(WORK TO COMPLETE)
In the records below, repeat word for word only the lines starting at the one that contains "Electric Forest Organizers" and ending at the one that contains "Close-up of a", pictures excluded.

(TASK MATERIAL)
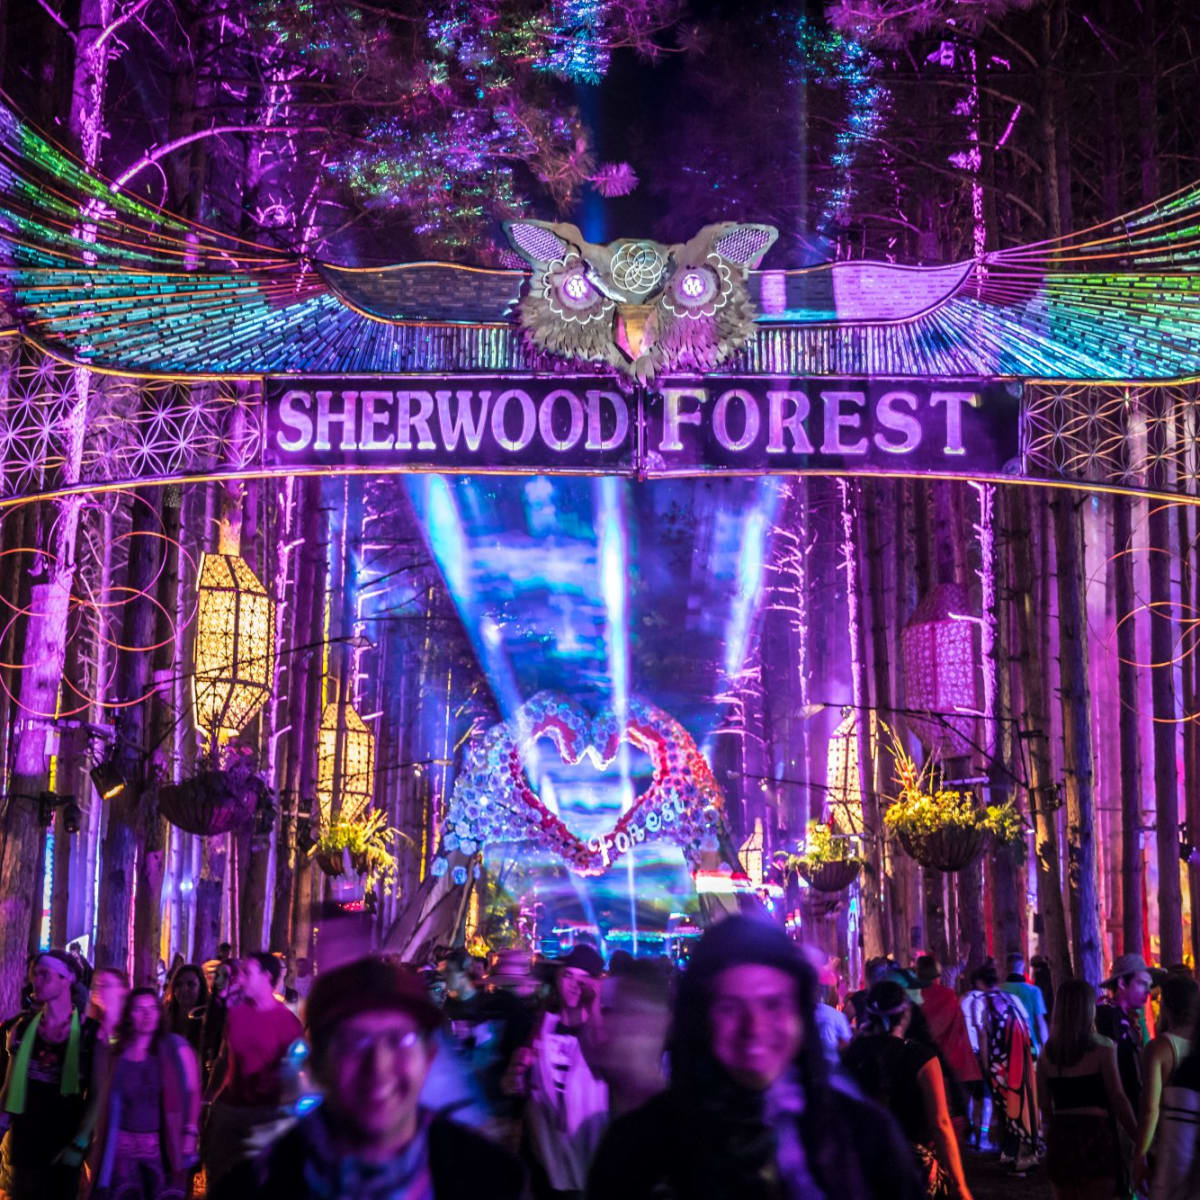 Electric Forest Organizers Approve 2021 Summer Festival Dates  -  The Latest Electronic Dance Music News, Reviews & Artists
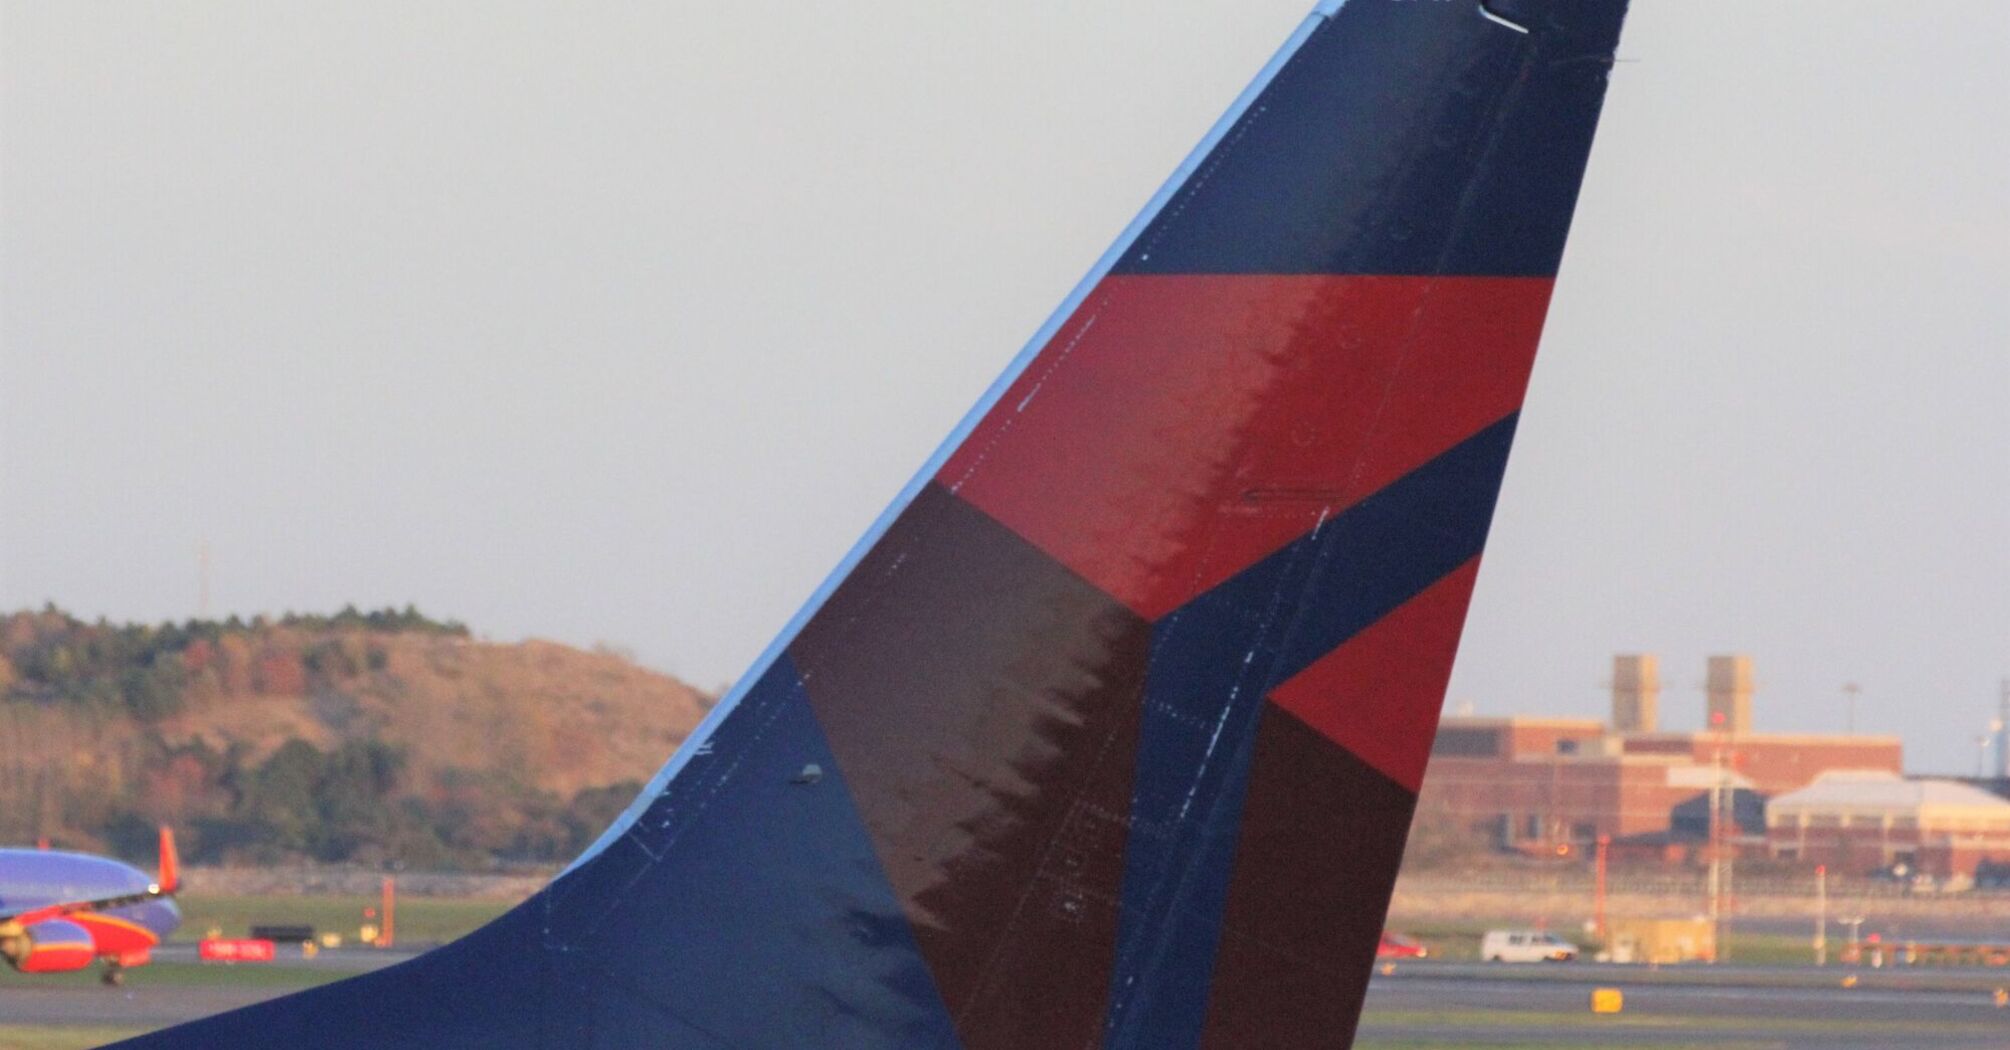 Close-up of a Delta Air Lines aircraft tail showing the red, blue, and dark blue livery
...
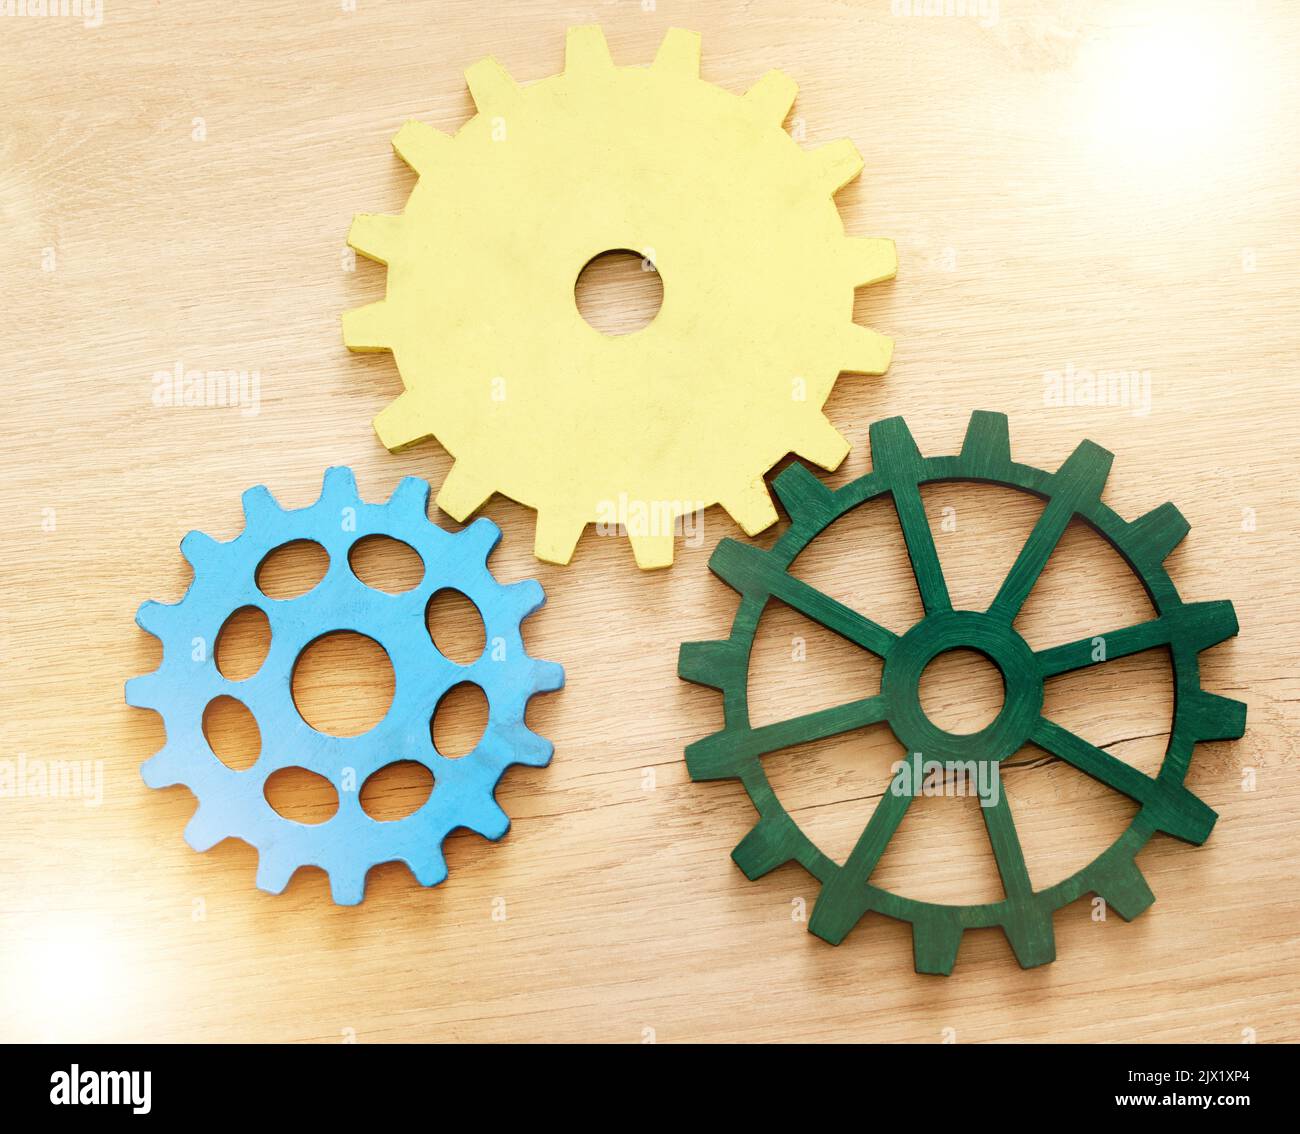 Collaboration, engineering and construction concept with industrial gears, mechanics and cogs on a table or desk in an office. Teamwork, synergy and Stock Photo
* * *
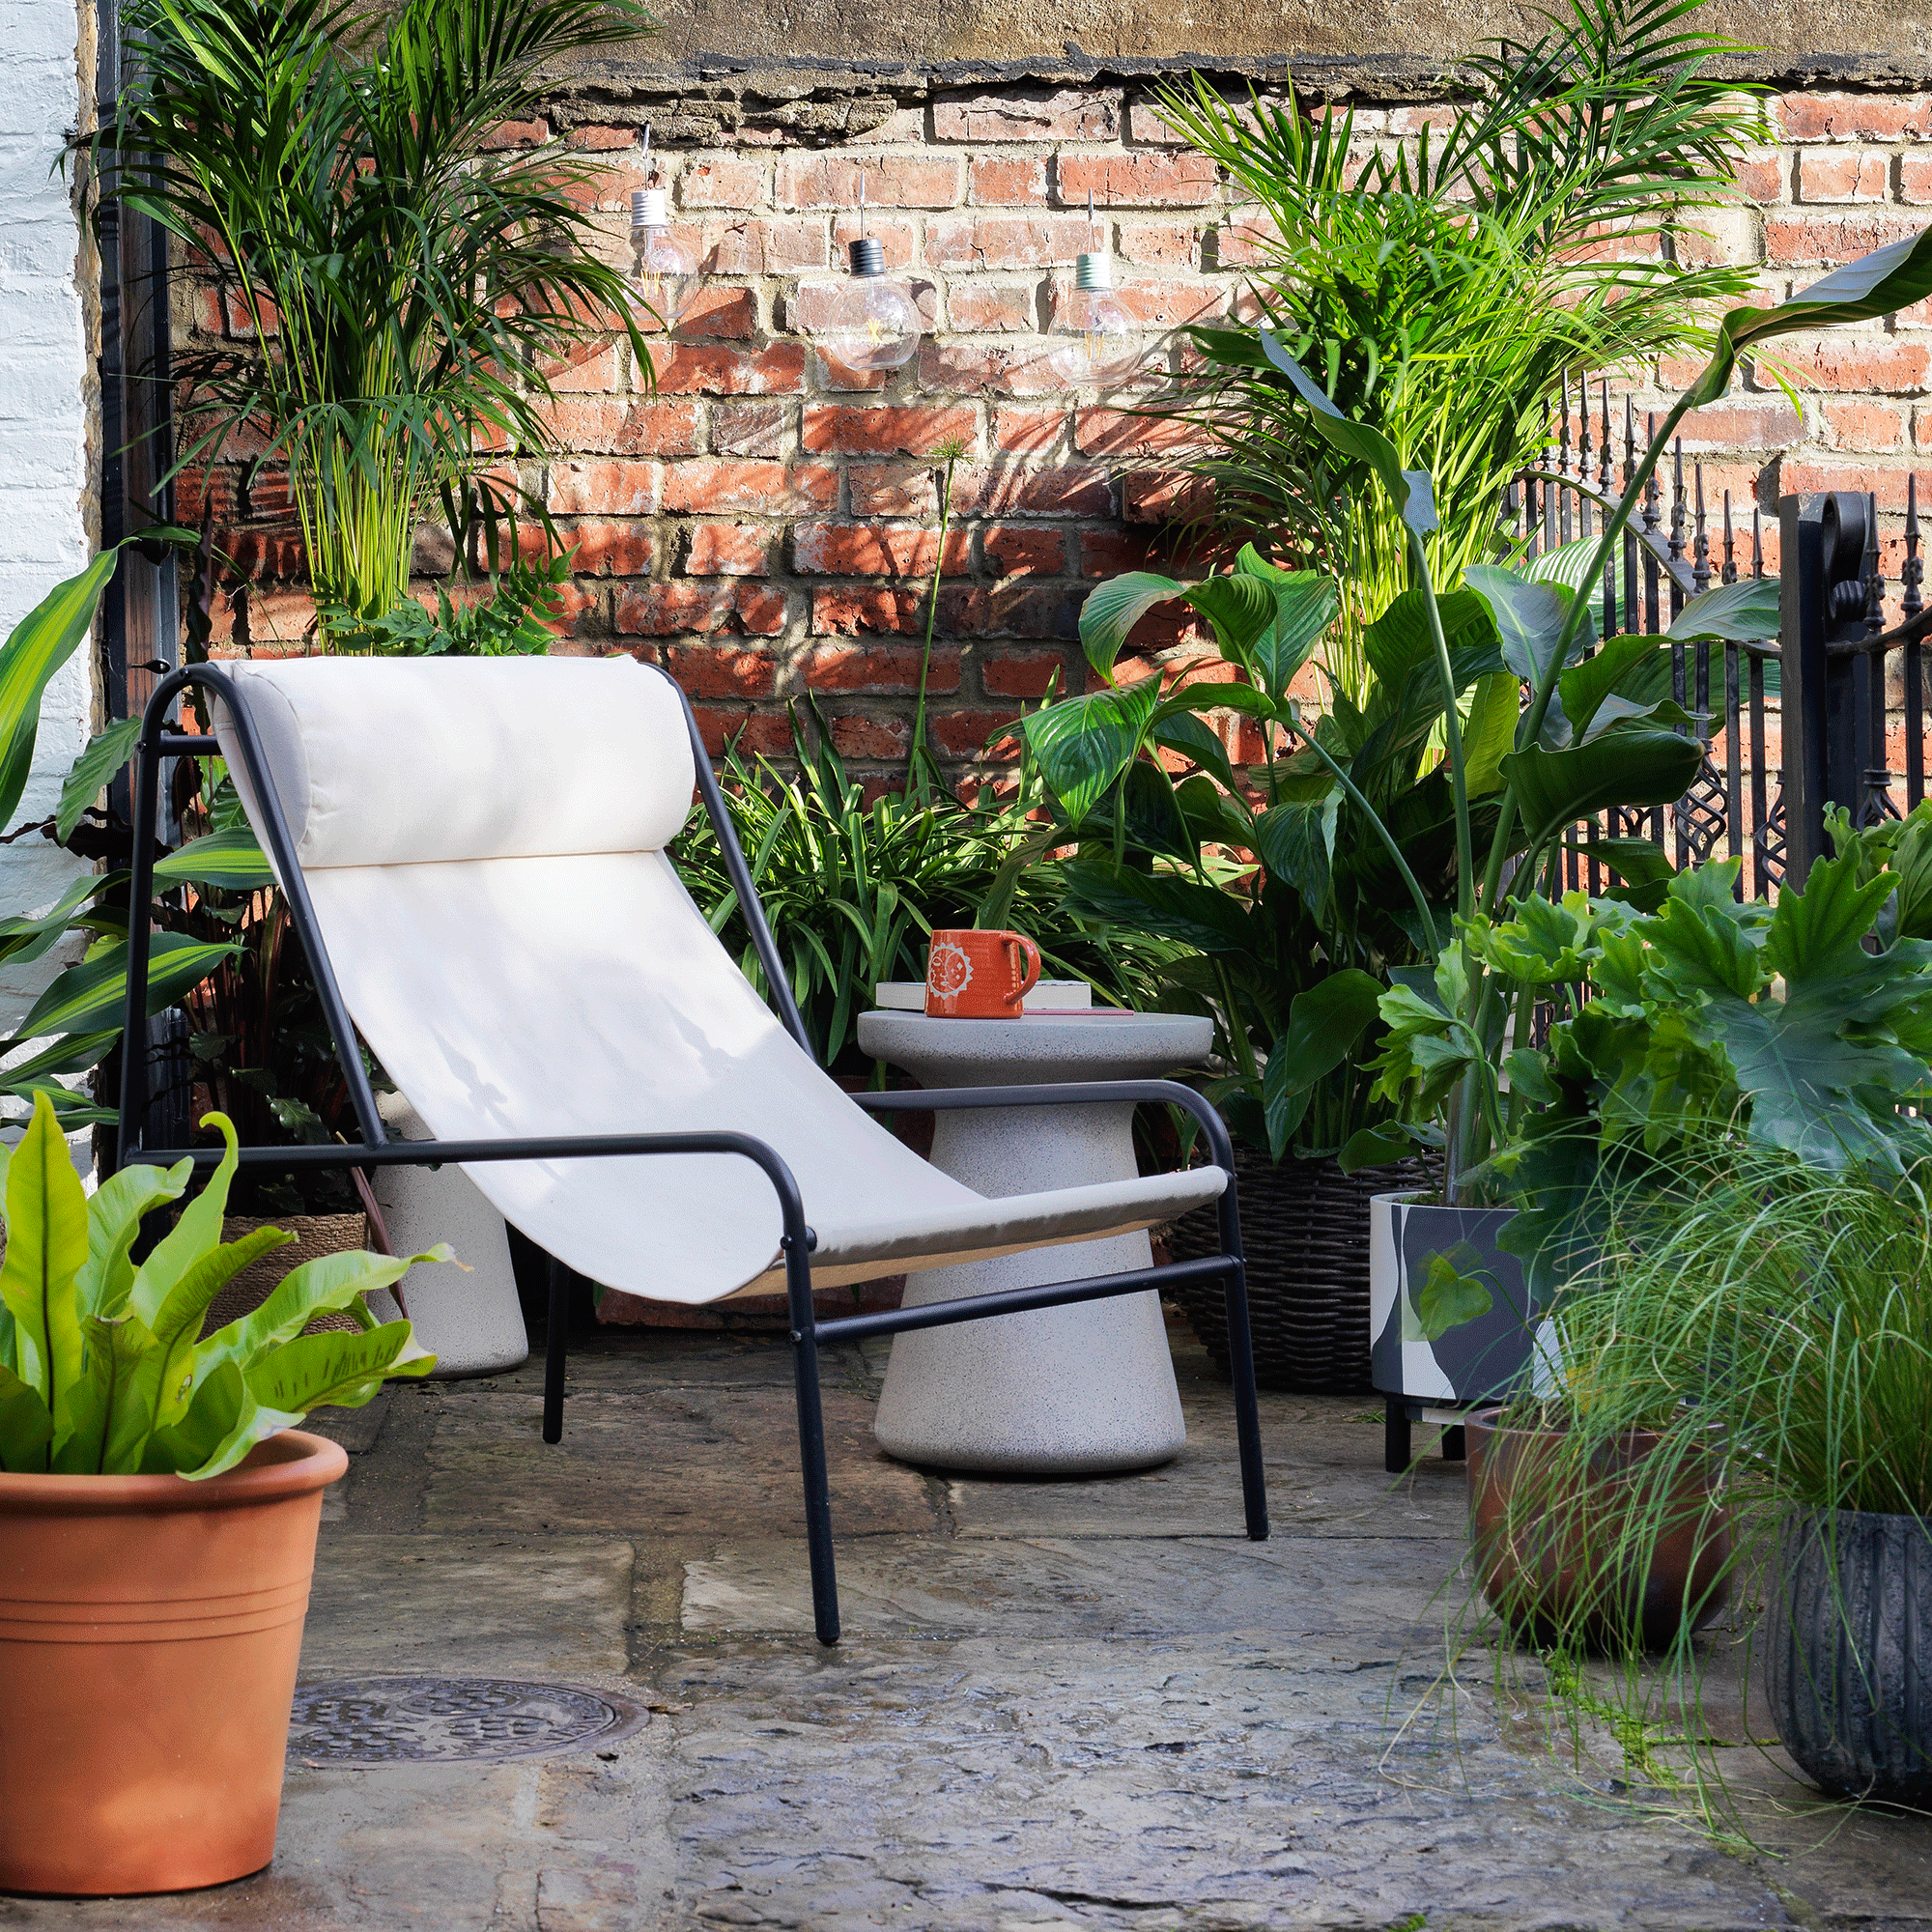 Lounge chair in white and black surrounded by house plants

(TASK OUTPUT)
 Electric Forest Organizers Approve 2021 Summer Festival Dates  -  The Latest Electronic Dance Music News, Reviews & Artists
 Close-up of a Delta Air Lines aircraft tail showing the red, blue, and dark blue livery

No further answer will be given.